Rate of convergence of an irrational rotation Let $\alpha, \beta \in \mathbb{R}$. Let $\{x\}$ denote the fractional part of $x$ and let $\|x\| = \min(\{x\}, 1-\{x\})$. 
If we assume that $\alpha$ is irrational, then there exists an increasing sequence of integers $(n_k)_{k \in \mathbb{N}}$ such that $\|n_k \alpha - \beta\| \to 0$. Is it possible that the rate of convergence is exponential, that is, that there exists some $\eta > 1$ such that $\eta^{n_k} \|n_k \alpha - \beta\| \to 0$?
I believe that the fact that the sequence $\{n \alpha\}_{n \in \mathbb{N}}$ is equidistributed implies that if this is true for some $\eta > 1$, then it must be true for every $\eta > 1$, so this seems to be a rather strong condition.
If the rate may be exponential for general $\alpha$ and $\beta$, what about the case when $e^{2\pi i \alpha}$ and $e^{2\pi i \beta}$ are algebraic?
 A: For the algebraic case a lot is known.

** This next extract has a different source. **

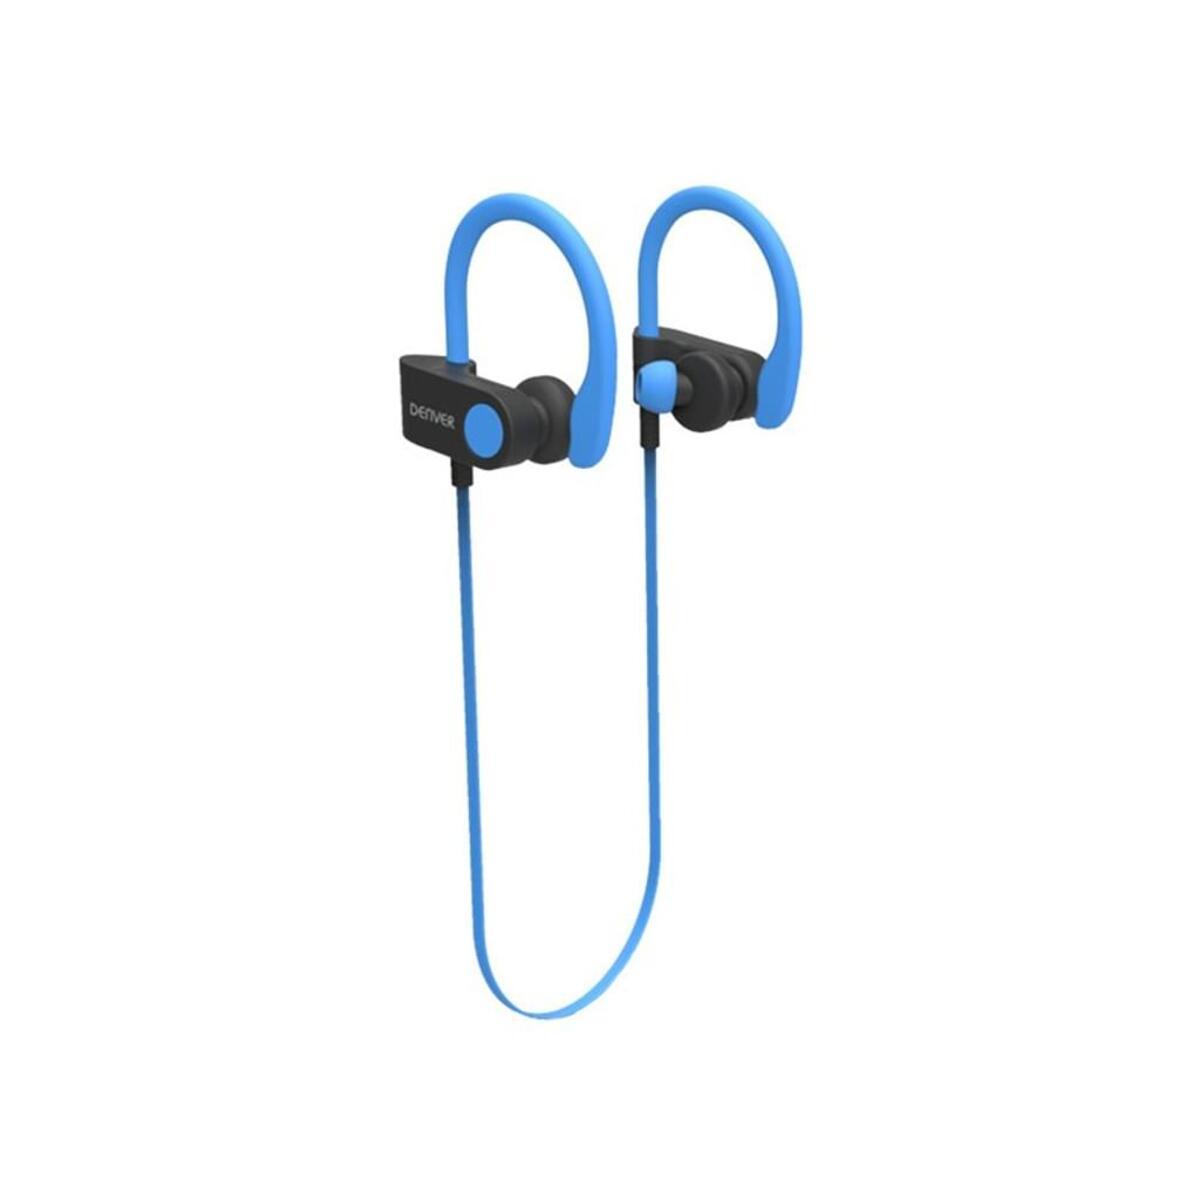 Bild 2 von Denver Bte-110Grey - Bluetooth® In-Ear-Kopfhörer

There is a deep result of Gelfond (see A. O. Gelfond, Transcendental and Algebraic Numbers, Dover, New York, 1960) that if $\lambda$ is an algebraic number of absolute value 1, then for every $\epsilon>0$ there is a constant $C>0$ such that $$|\lambda^n-1|>Ce^{-n\epsilon}$$ for all $n\ge1$. More recent work of Feldman (see Chapter 9 in  Stolarsky's book Algebraic Numbers and Diophantine Approximation, Dekker, 1974) actually shows that there are effectively computable numbers $C=C(\lambda)>0$ and $N=N(\lambda)\ge1$ such that
$$|\lambda^n-1|>Cn^{-N}$$
for all $n\ge1$.
These diophantine results are very useful while investigating the dynamical properties of maps defined algebraically, e.g. automorphisms of tori. See for example my paper "Dynamical Properties of Quasihyperbolic Toral Automorphisms", Ergod. Th. Dynam. Sys. 2 (1982), 49--68.
A: Certainly it is possible for the rate to be exponential: for example, if we define a sequence $(d_n)$ by $d_1:=2$, $d_{n+1}:=2^{d_n}$ then the number
$$\alpha:=\sum_{n=1}^\infty \frac{1}{d_n}$$
satisfies
$$\{d_n\alpha\}=\sum_{k=n+1}^\infty \frac{1}{d_k} \in \left(\frac{1}{d_{n+1}},\frac{2}{d_{n+1}}\right)$$
and we have $d_{n+1}=2^{d_n}$ so the size of this fractional part is exponentially small relative to $d_n$. In the case $\beta=0$ you can construct more general examples using the theory of continued fractions.